RocksDB is used for storage. Usually, the node's data is found in the ~/.near
directory. The node can be stopped at any moment and be restarted later. While
the node is offline it misses the block, so, after a restart, the sync process
kicks in which brings the node up-to-speed with the network by downloading the
missing bits of history from more up-to-date peer nodes.
Major components of nearcore:
-
JSON RPC. This HTTP RPC interface is how
neard
communicates with non-blockchain outside world. For example, to submit a transaction, some client sends an RPC request with it to some node in the network. From that node, the transaction propagates through the network, until it is included in some block. Similarly, a client can send an HTTP request to a node to learn about current state of the blockchain. The JSON RPC interface is documented here. -
Network. If RPC is aimed "outside" the blockchain, "network" is how peer
neard
nodes communicate with each other within the blockchain. RPC carries requests from users of the blockchain, while network carries various messages needed to implement consensus. Two directly connected nodes communicate by sending protobuf-encoded messages over TCP. A node also includes logic to route messages for indirect peers through intermediaries. Oversimplifying a lot, it's enough for a new node to know an IP address of just one other network participant. From this bootstrap connection, the node learns how to communicate with any other node in the network. -
Client. Somewhat confusingly named, client is the logical state of the blockchain. After receiving and decoding a request, both RPC and network usually forward it in the parsed form to the client. Internally, client is split in two somewhat independent components: chain and runtime.
-
Chain. The job of chain, in a nutshell, is to determine a global order of transactions. Chain builds and maintains the blockchain data structure. This includes block and chunk production and processing, consensus, and validator selection. However, chain is not responsible for actually applying transactions and receipts.
-
Runtime. If chain selects the order of transactions, Runtime applies transaction to the state. Chain guarantees that everyone agrees on the order and content of transactions, and Runtime guarantees that each transaction is fully deterministic. It follows that everyone agrees on the "current state" of the blockchain. Some transactions are as simple as "transfer X tokens from Alice to Bob". But a much more powerful class of transactions is supported: "run this arbitrary WebAssembly code in the context of the current state of the chain". Running such "smart contract" transactions securely and efficiently is a major part of what Runtime does. Today, Runtime uses a JIT compiler to do that.
-
Storage. Storage is more of a cross-cutting concern, than an isolated component. Many parts of a node want to durably persist various bits of state to disk.

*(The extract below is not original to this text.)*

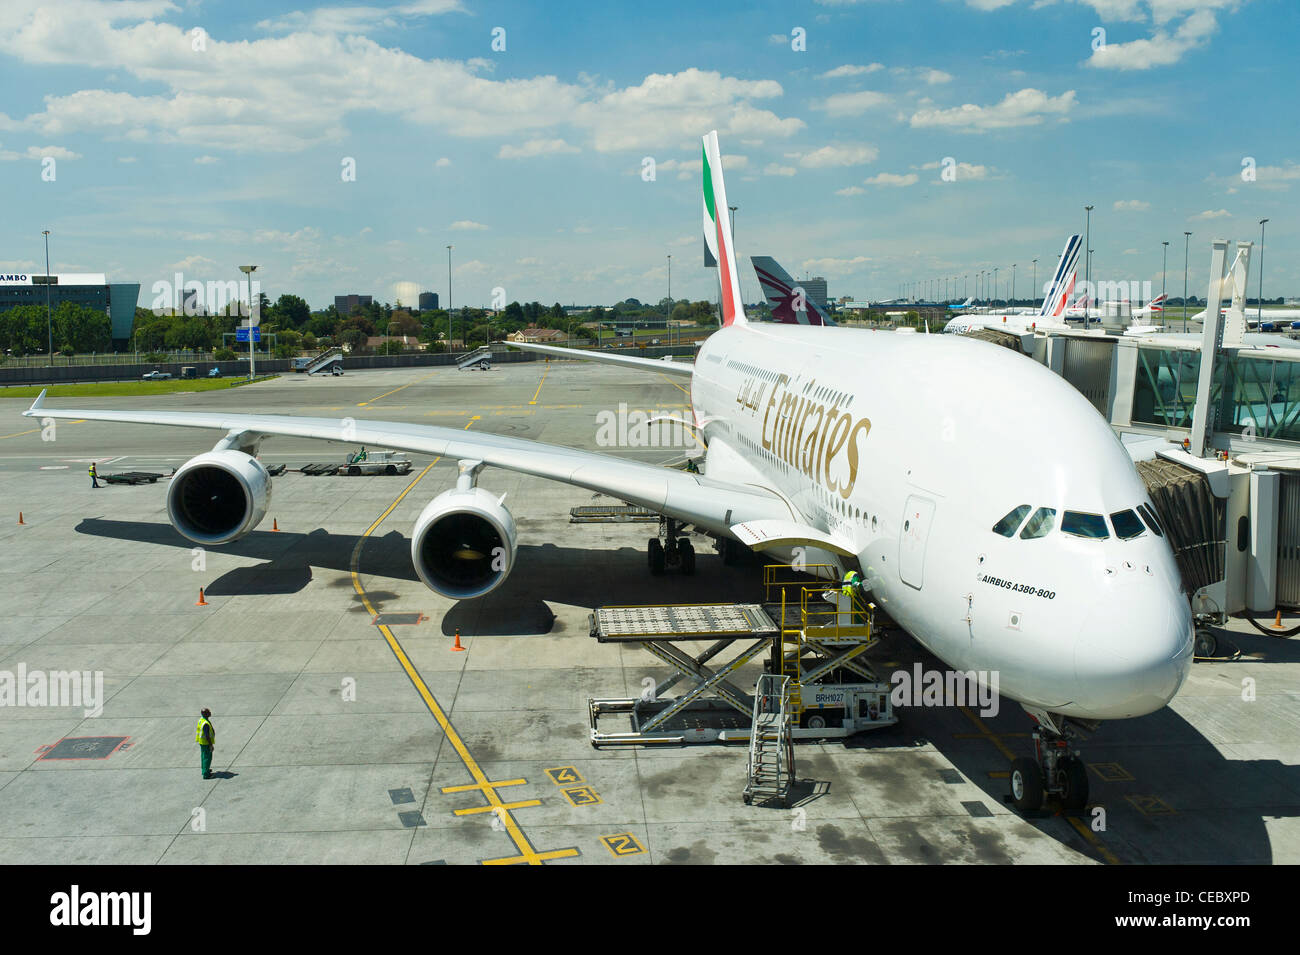 Airbus A380 800 d'Emirates airline à O.R. L'aéroport international OR Tambo (ORTIA) à Johannesburg, Afrique du Sud Banque D'Images

One notable case is the logical state of the blockchain, and, in particular, data associated with each account. Logically, the state of an account on a chain is a key-value map:
HashMap<Vec<u8>, Vec<u8>>
. But there is a twist: it should be possible to provide a succinct proof that a particular key indeed holds a particular value. To allow that internally the state is implemented as a persistent (in both senses, "functional" and "on disk") merkle-patricia trie. -
Parameter Estimator. One kind of transaction we support is "run this arbitrary, Turing-complete computation". To protect from a
loop {}
transaction halting the whole network, Runtime implements resource limiting: each transaction runs with a certain finite amount of "gas", and each operation costs a certain amount of gas to perform. Parameter estimator is essentially a set of benchmarks used to estimate relative gas costs of various operations.
Entry Points
neard/src/main.rs
contains the main function that starts a blockchain node.
However, this file mostly only contains the logic to parse arguments and
dispatch different commands. start_with_config
in nearcore/src/lib.rs
is the
actual entry point and it starts all the actors.
JsonRpcHandler::process
in the jsonrpc
crate is the RPC entry point. It
implements the public API of a node, which is documented
here.
PeerManagerActor::spawn
in the network
is an entry for the other point of
contract with the outside world -- the peer-to-peer network.
Runtime::apply
in the runtime
crate is the entry point for transaction
processing logic. This is where state transitions actually happen, after chain
decided, according to distributed consensus, which transitions need to
happen.
Code Map
This section contains some high-level overview of important crates and data structures.
core/primitives
This crate contains most of the types that are shared across different crates.
core/primitives-core
This crate contains types needed for runtime.
core/store/trie
This directory contains the MPT state implementation. Note that we usually use
TrieUpdate
to interact with the state.
chain/chain
This crate contains most of the chain logic (consensus, block processing, etc).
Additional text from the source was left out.